5. Conclusions and Future Work
BGSRD makes full use of the scale pre-training model and transduction learning for the classification of large social robots. The training of BGSRD is carried out by using a repository that stores all embedded documents. This is effective training, and some can be updated according to the small batch of samples. The detection of the classification problem of incoming text nodes is mainly carried out by constructing a heterogeneous whole corpus of generous word document maps and translating social robot texts. Limited tag documents are mainly realized through the framework of capturing global co-occurring words by BGSRD. It can be built on any document encoder and any graphic model. This method performs excellently on multiple benchmark datasets through a simple two-layer BERT combined with GCN.
We currently only detect social robots from semantic information and textual relationships and social robot detection requires more complex features to better recognize them.

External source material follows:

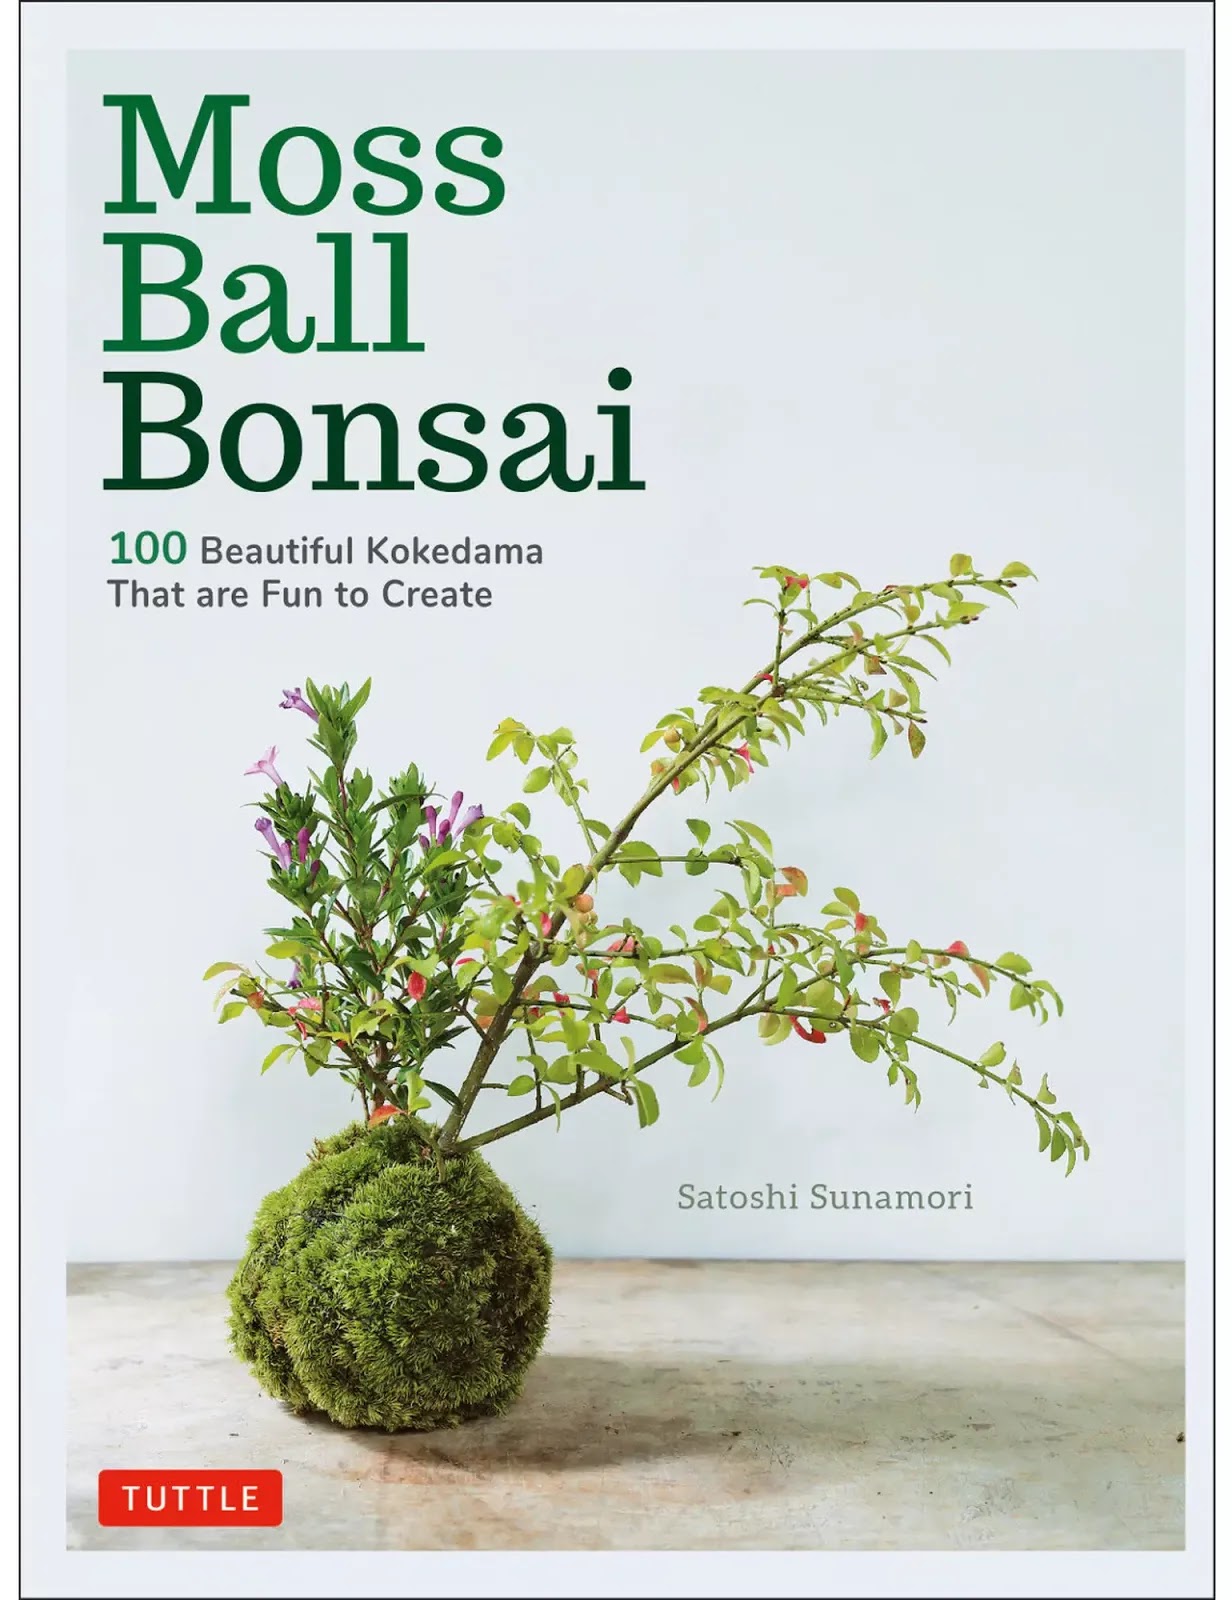 Live Moss Spores for Bonsai and Gardens at New England Bonsai Gardens

Future works may focus on digging for more account features under the surface, such as the sentiment analysis of tweets. The detection scheme also needs to be more comprehensive. For example, machine learning can be combined with social graphs to jointly analyze account characteristics and social network graphs, and human judgment mechanisms can be introduced into some joints. After all, humans can better identify the differences between machine accounts and human users. In order to further improve the robustness and detection capability of the detection technology, it is even necessary to further analyze the next possible update direction of the machine account and obtain the feature dimensions that can be used to detect the new machine account from the analysis results. Confrontational thinking leads to more powerful, generalized, and even preventative testing techniques.